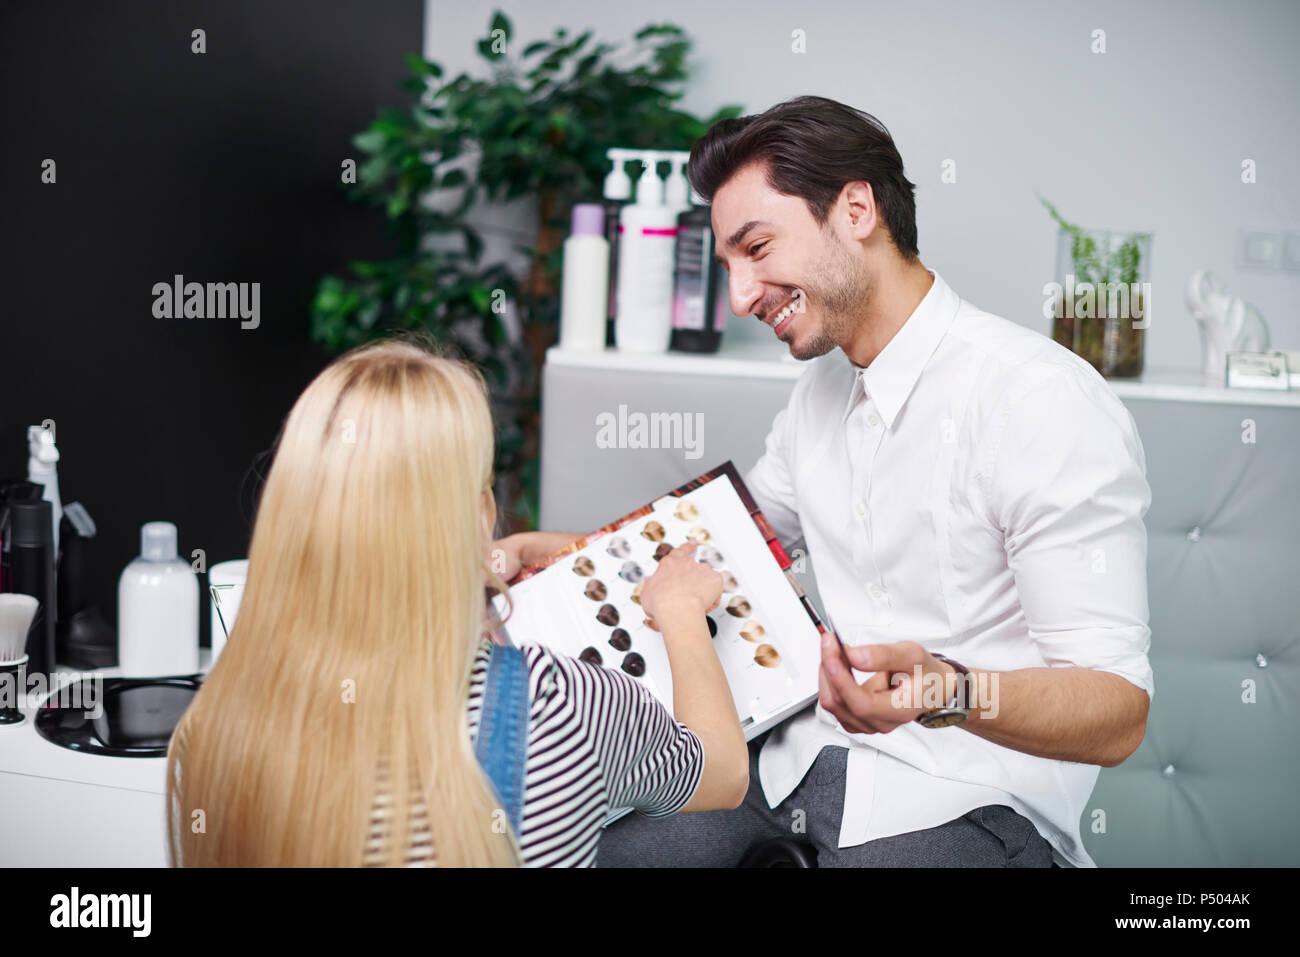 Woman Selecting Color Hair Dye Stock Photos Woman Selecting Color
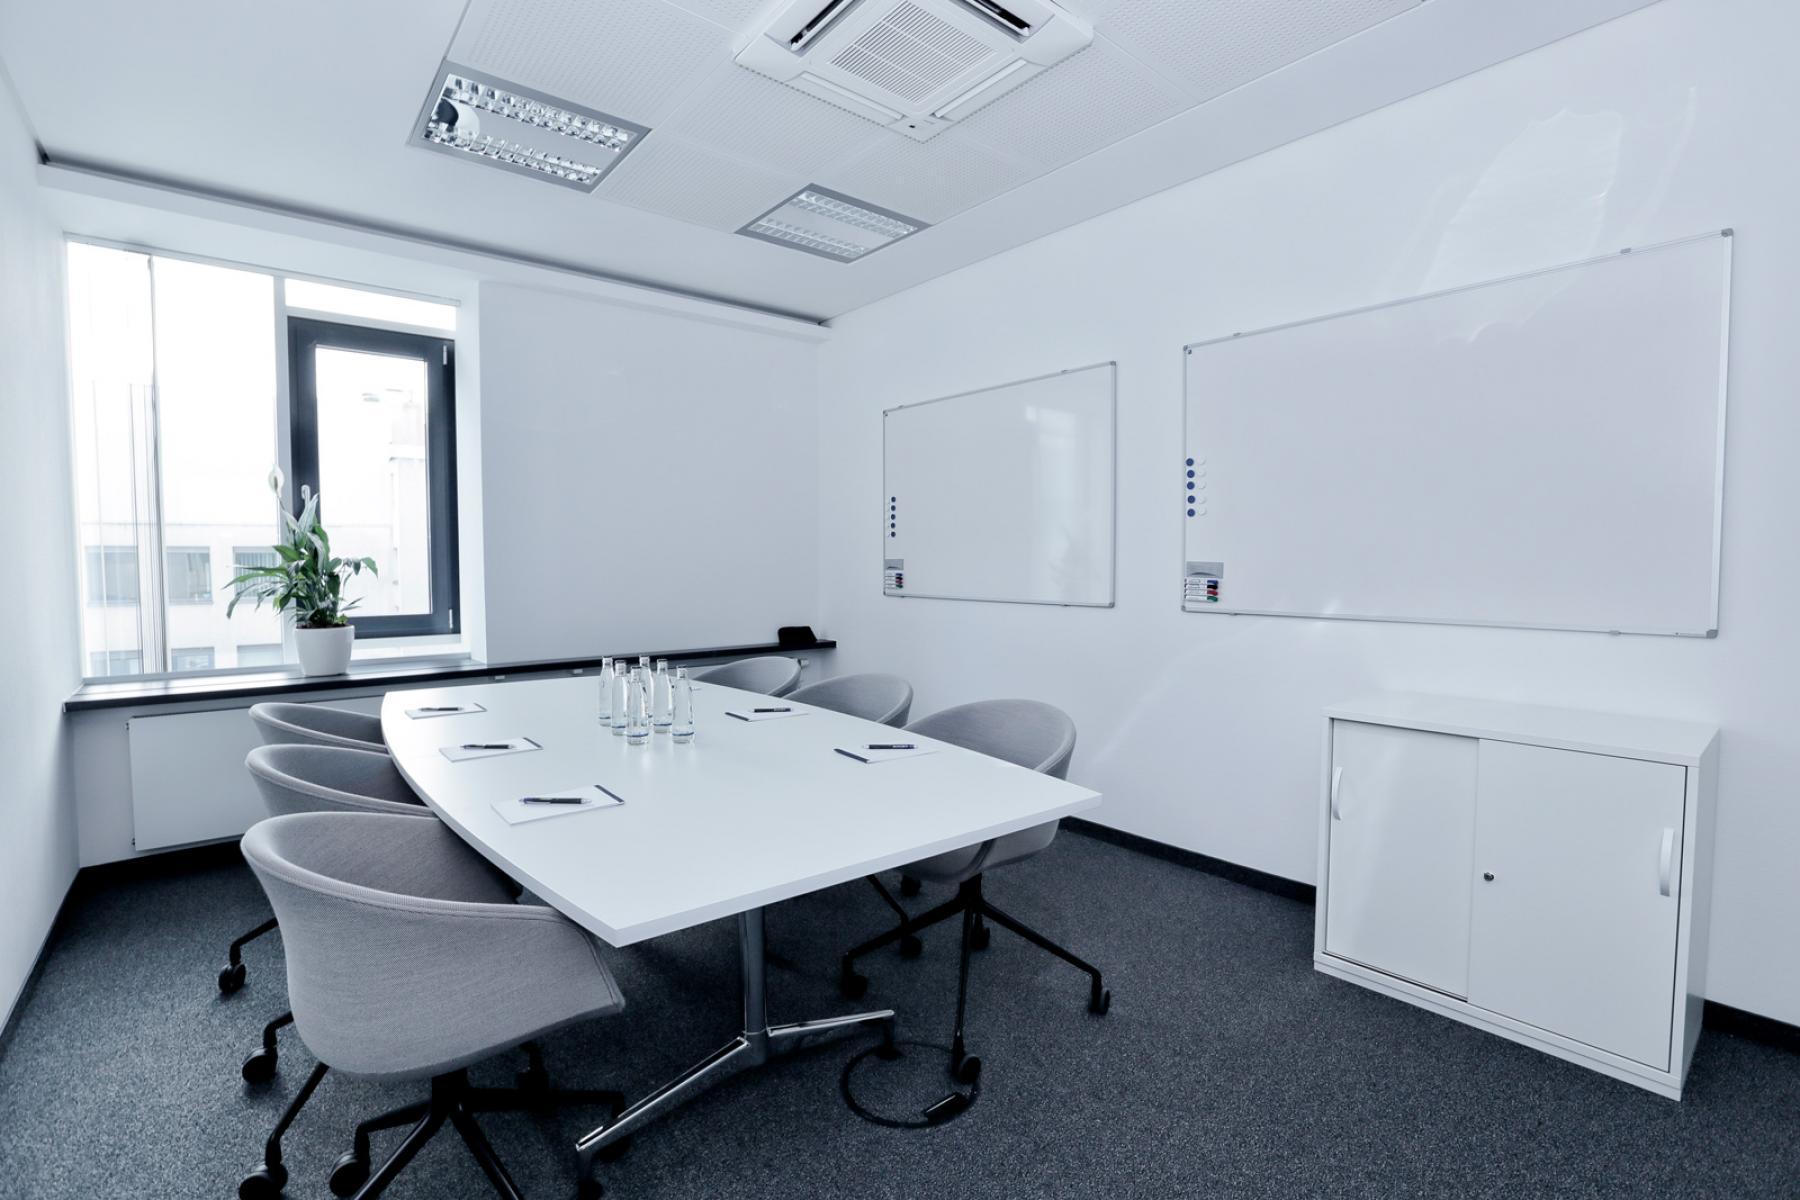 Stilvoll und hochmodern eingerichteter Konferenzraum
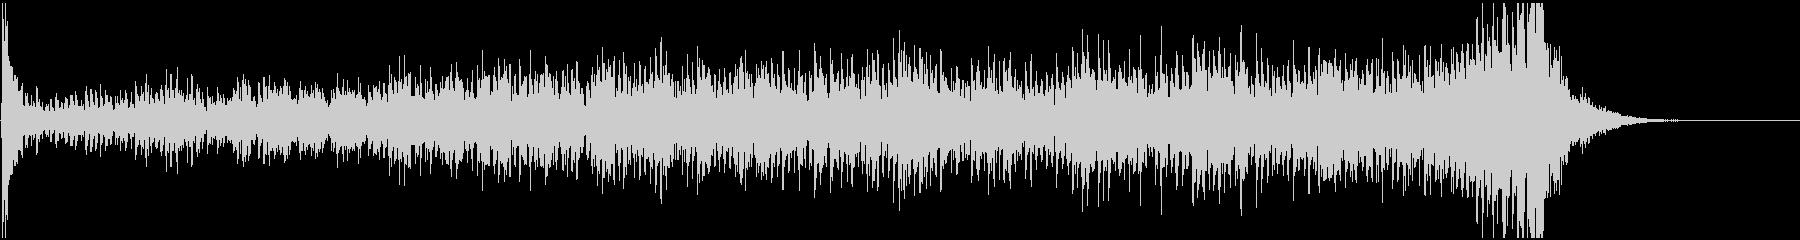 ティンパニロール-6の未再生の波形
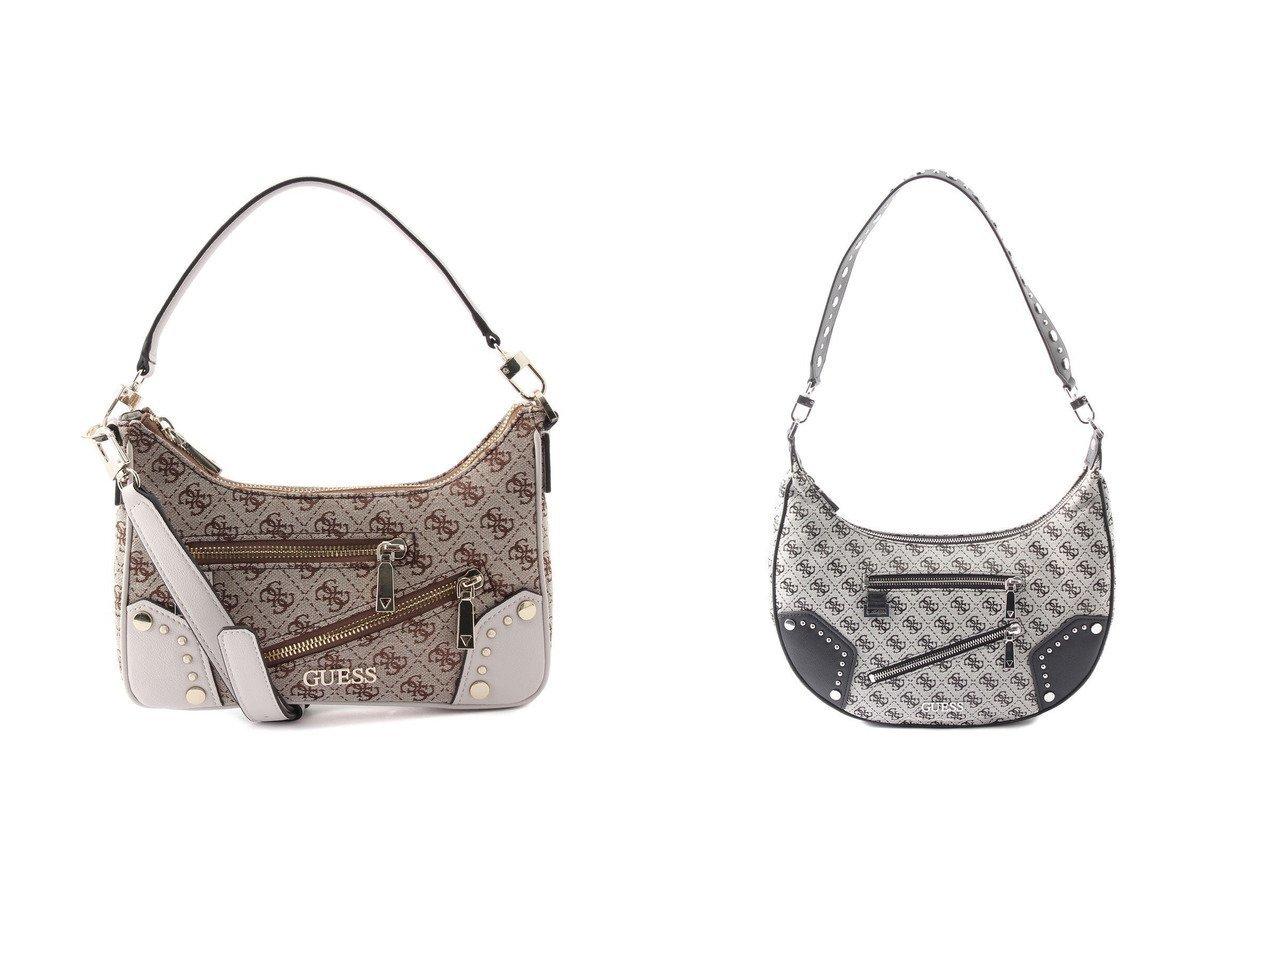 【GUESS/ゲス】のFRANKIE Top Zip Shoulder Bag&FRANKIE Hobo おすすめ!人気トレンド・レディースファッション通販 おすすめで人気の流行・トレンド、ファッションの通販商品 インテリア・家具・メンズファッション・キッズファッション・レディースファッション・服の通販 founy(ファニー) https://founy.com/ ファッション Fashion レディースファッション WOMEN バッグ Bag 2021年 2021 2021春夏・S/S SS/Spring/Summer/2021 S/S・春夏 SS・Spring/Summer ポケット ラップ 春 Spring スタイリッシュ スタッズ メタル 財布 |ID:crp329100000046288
= = = = = = =
**WORK ORDER**. Beginning with the line containing "ティンパニロール-6の未再生の波形" and ending with the last line of the data, output those lines exactly and nothing more. Omit every picture.

**SOLUTION TO THIS TASK**.
 ティンパニロール-6の未再生の波形
 【GUESS/ゲス】のFRANKIE Top Zip Shoulder Bag&FRANKIE Hobo おすすめ!人気トレンド・レディースファッション通販 おすすめで人気の流行・トレンド、ファッションの通販商品 インテリア・家具・メンズファッション・キッズファッション・レディースファッション・服の通販 founy(ファニー) https://founy.com/ ファッション Fashion レディースファッション WOMEN バッグ Bag 2021年 2021 2021春夏・S/S SS/Spring/Summer/2021 S/S・春夏 SS・Spring/Summer ポケット ラップ 春 Spring スタイリッシュ スタッズ メタル 財布 |ID:crp329100000046288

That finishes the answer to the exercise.